■ **Collected data**
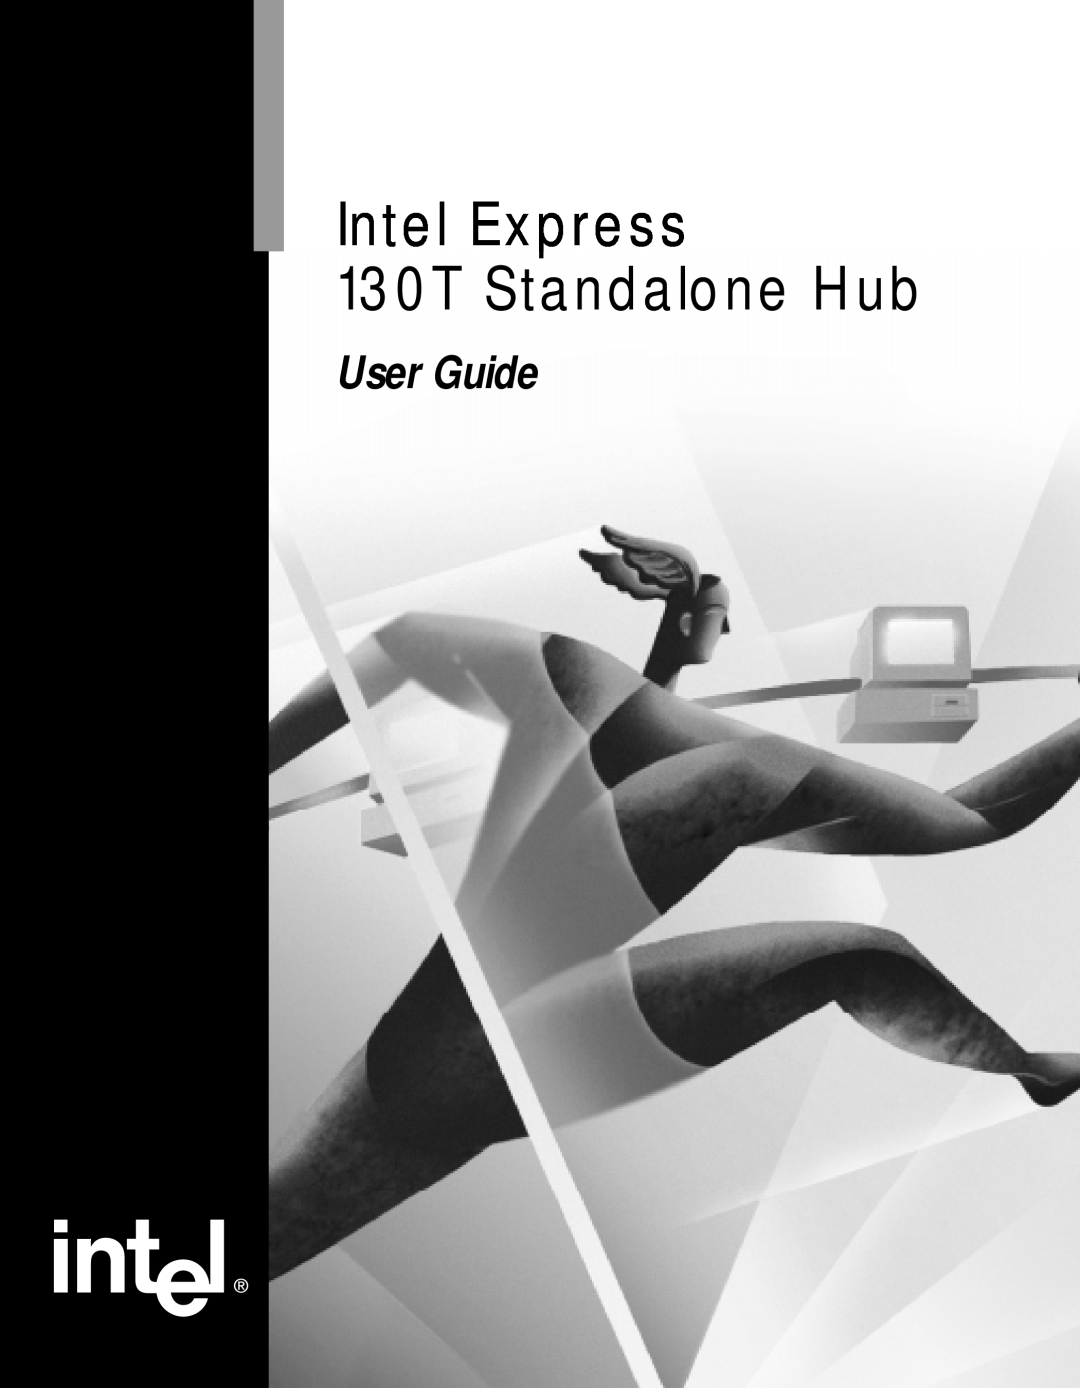 Intel manual Intel Express 130T Standalone Hub, User Guide 
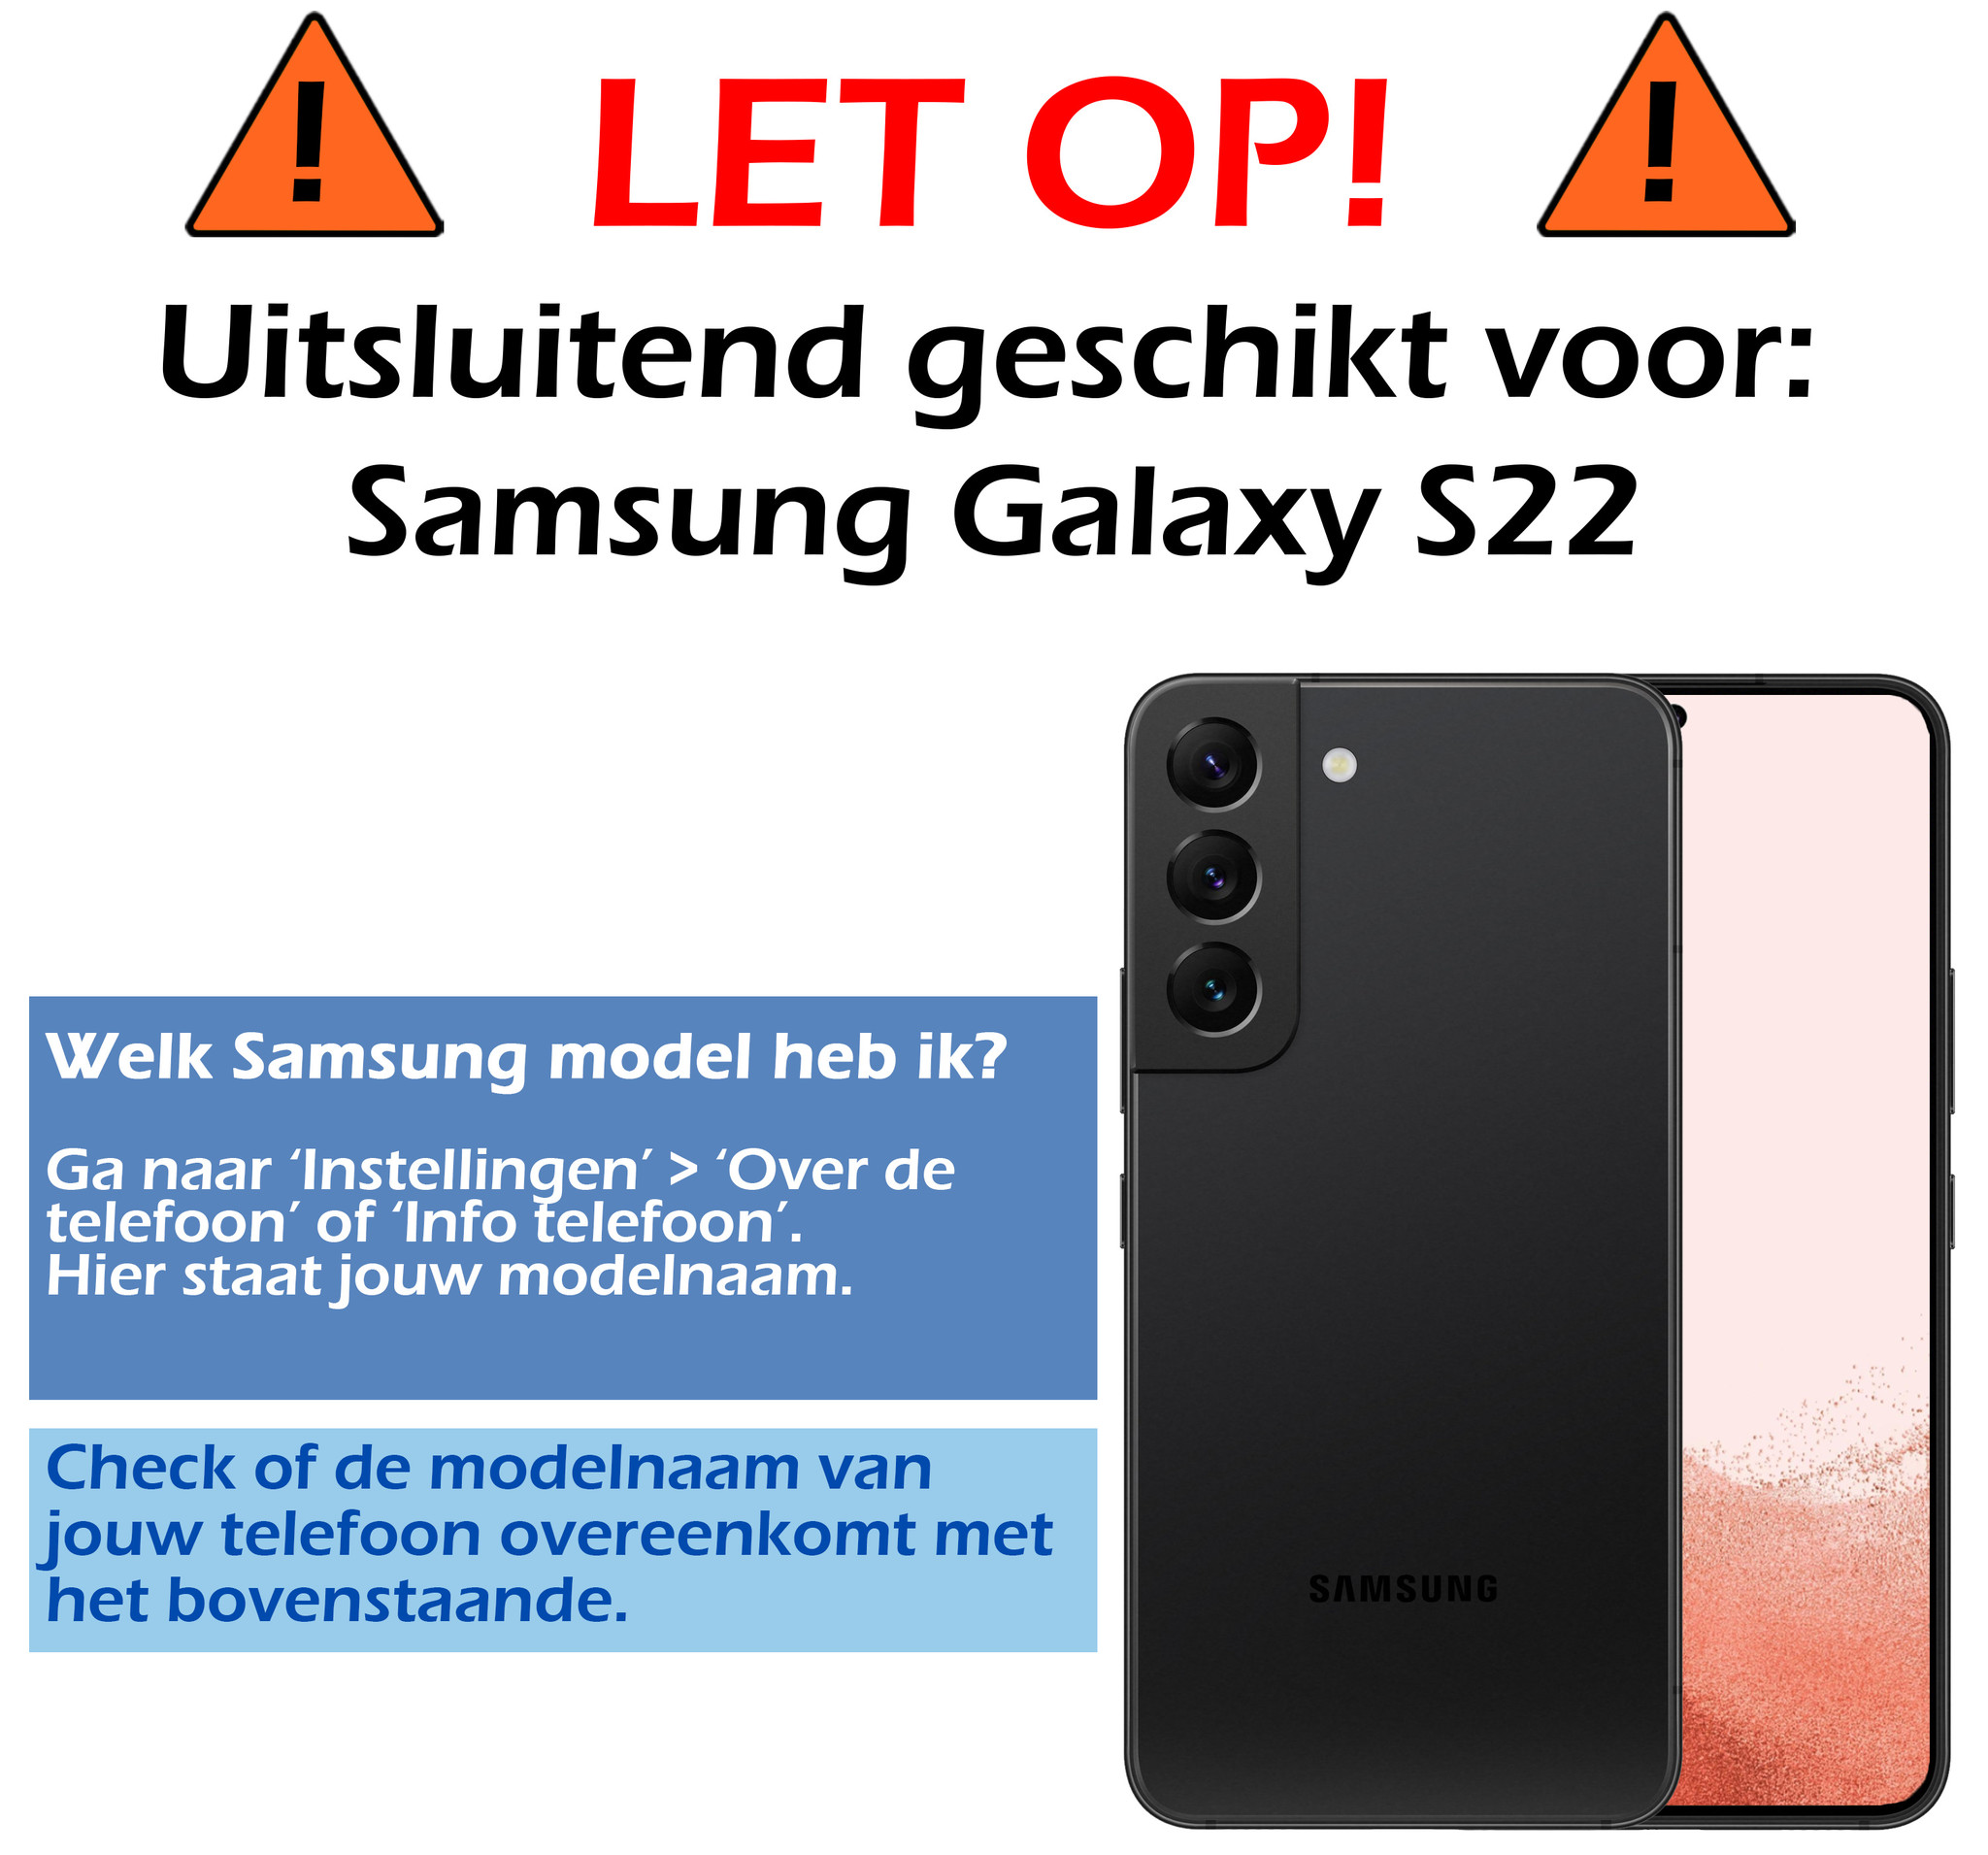 Samsung Galaxy S22 Camera Screen Protector Beschermglas - Samsung Galaxy S22 Camera Screenprotector Tempered Glass - 2x
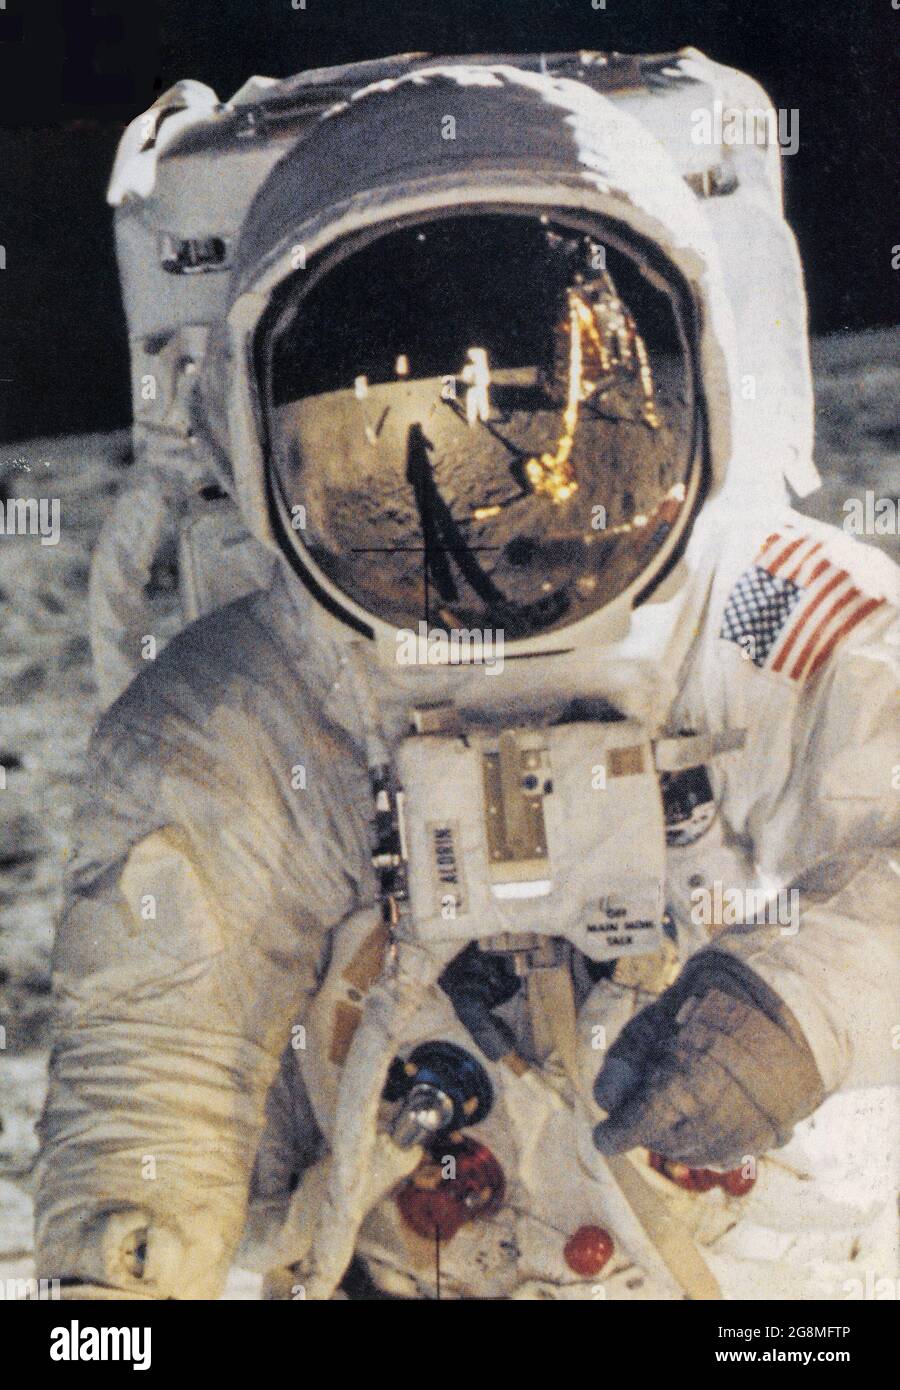 Astronaut Edwin E. Aldrin (aka Buzz Aldrin), walks on the moon, in a photograph taken by Neil Armstrong on 21 July 1969 Stock Photo

■ **Activity**
Return every line above word for word, minus images.

■ **Task result**
 Intel manual Intel Express 130T Standalone Hub, User Guide 
 Samsung Galaxy S22 Camera Screen Protector Beschermglas - Samsung Galaxy S22 Camera Screenprotector Tempered Glass - 2x
 Astronaut Edwin E. Aldrin (aka Buzz Aldrin), walks on the moon, in a photograph taken by Neil Armstrong on 21 July 1969 Stock Photo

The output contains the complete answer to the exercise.